▶ _Source information_:

::::::::::

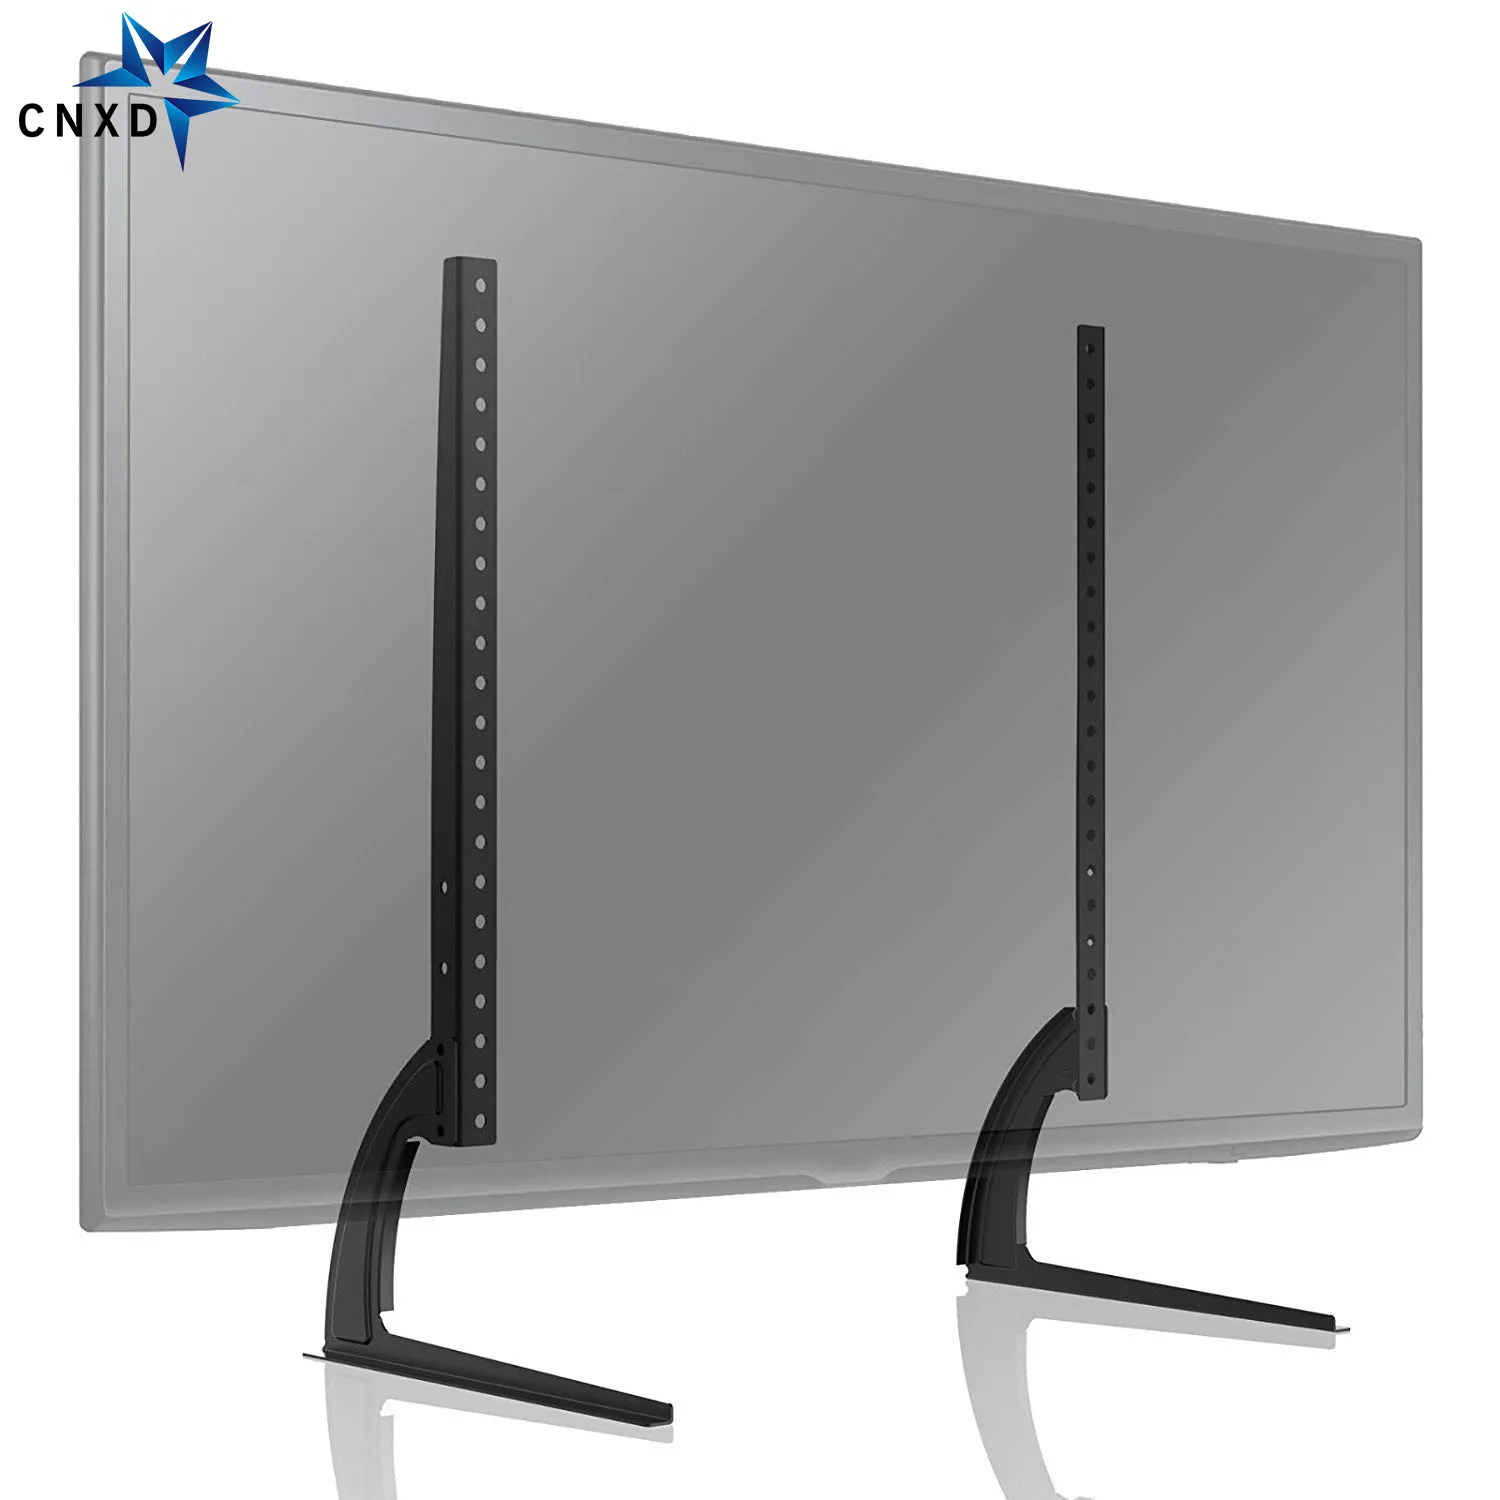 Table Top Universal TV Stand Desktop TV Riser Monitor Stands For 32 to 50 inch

::::::::::

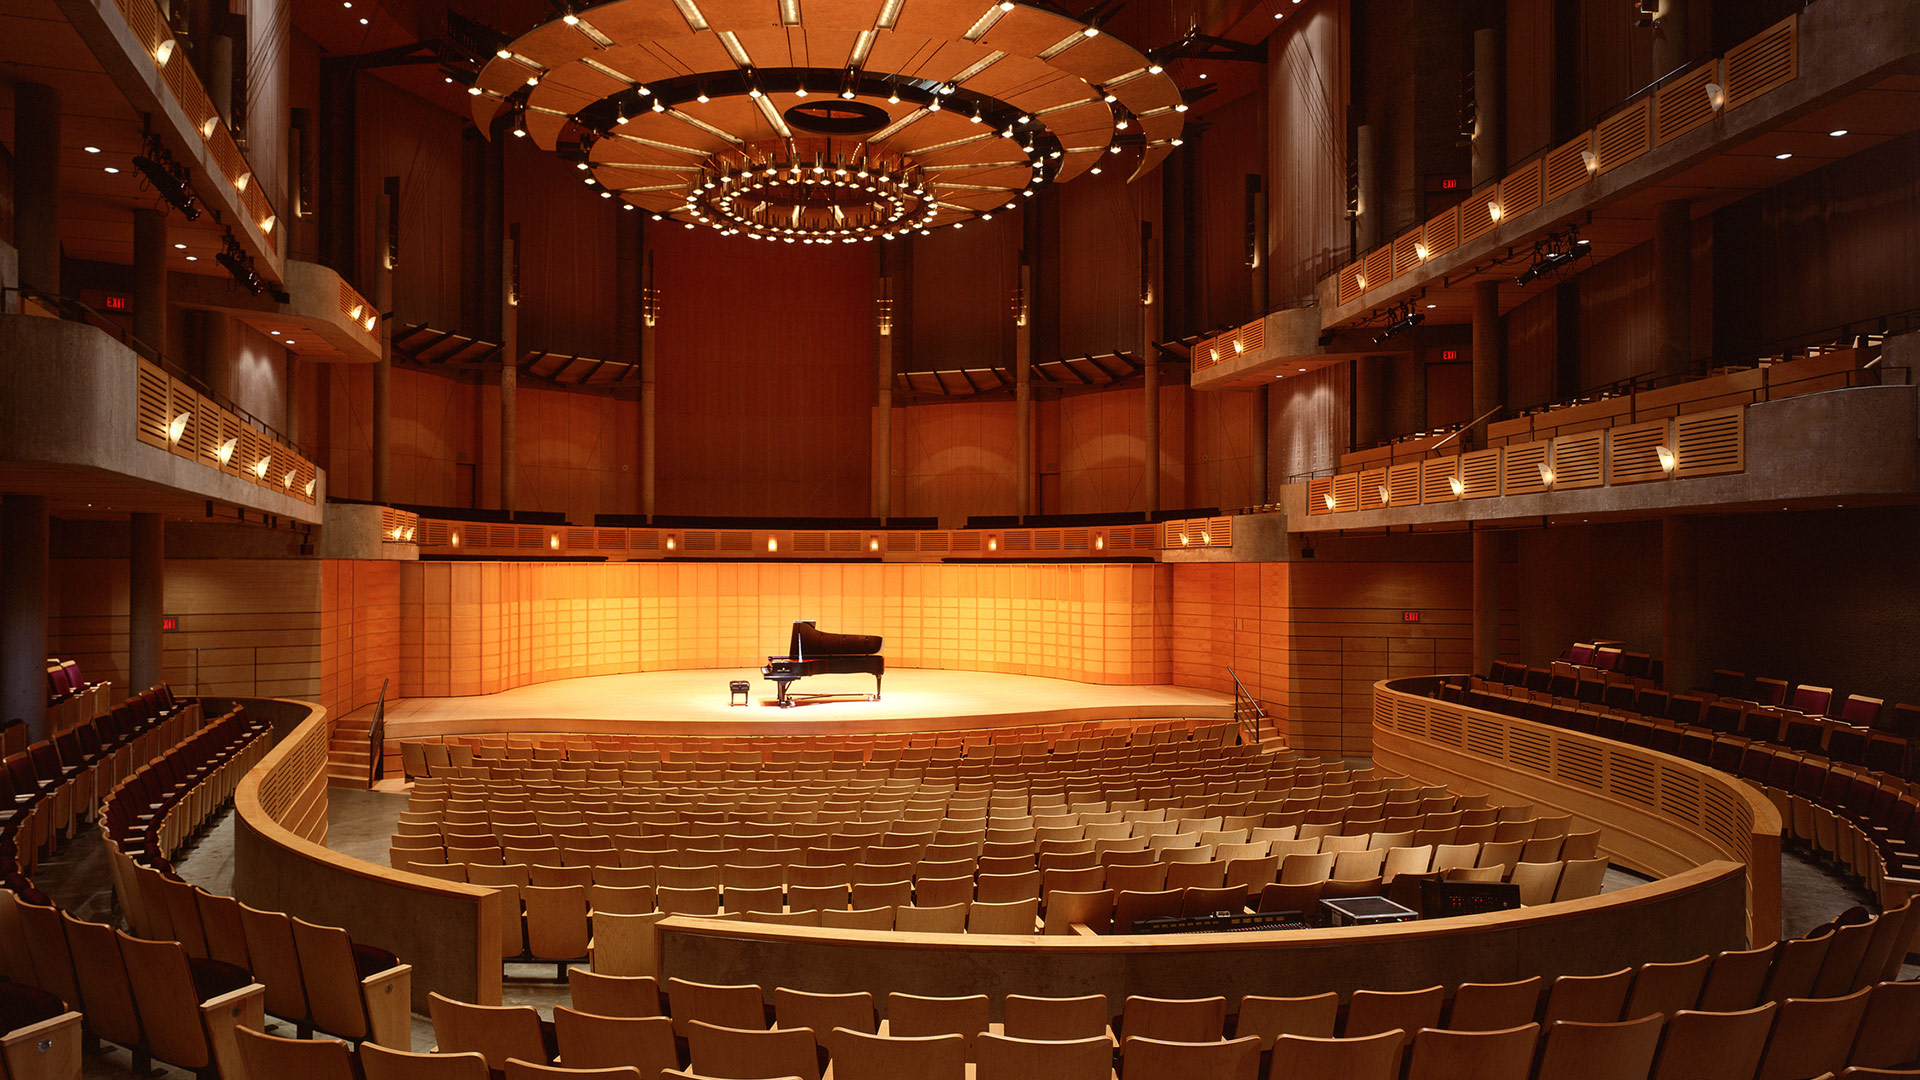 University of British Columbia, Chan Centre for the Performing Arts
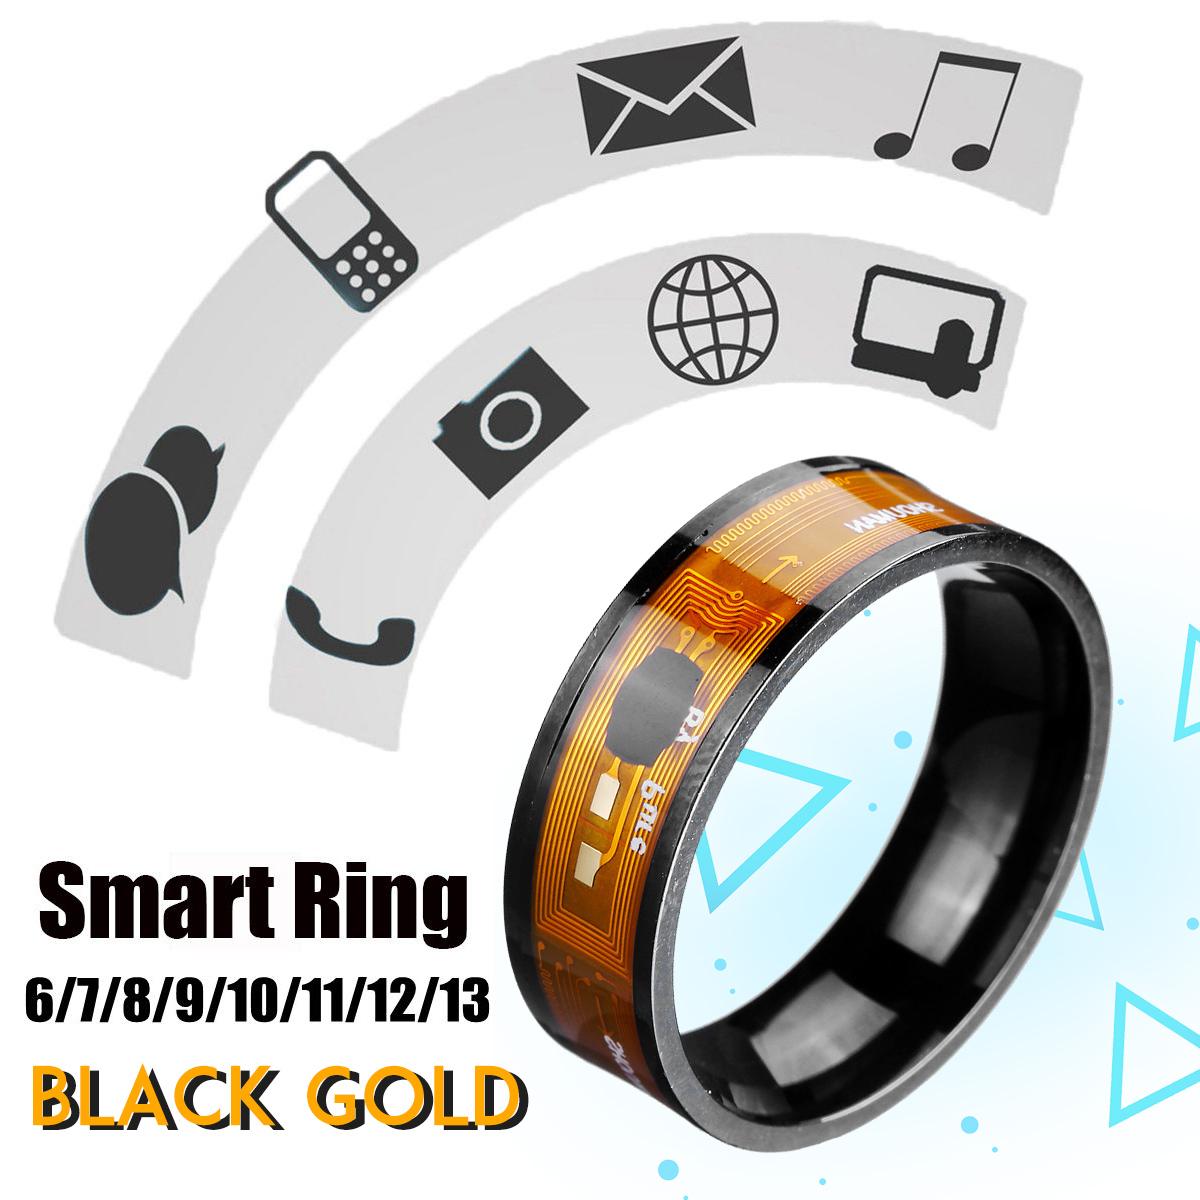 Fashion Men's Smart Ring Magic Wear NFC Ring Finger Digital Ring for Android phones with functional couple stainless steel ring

::::::::::

▶ _Assignment_: Repeat, word for word, the lines of the material above from the one holding "University of British" through the one holding "Fashion Men's Smart". Leave out pictures.

▶ _Exercise answer_:
 University of British Columbia, Chan Centre for the Performing Arts
 Fashion Men's Smart Ring Magic Wear NFC Ring Finger Digital Ring for Android phones with functional couple stainless steel ring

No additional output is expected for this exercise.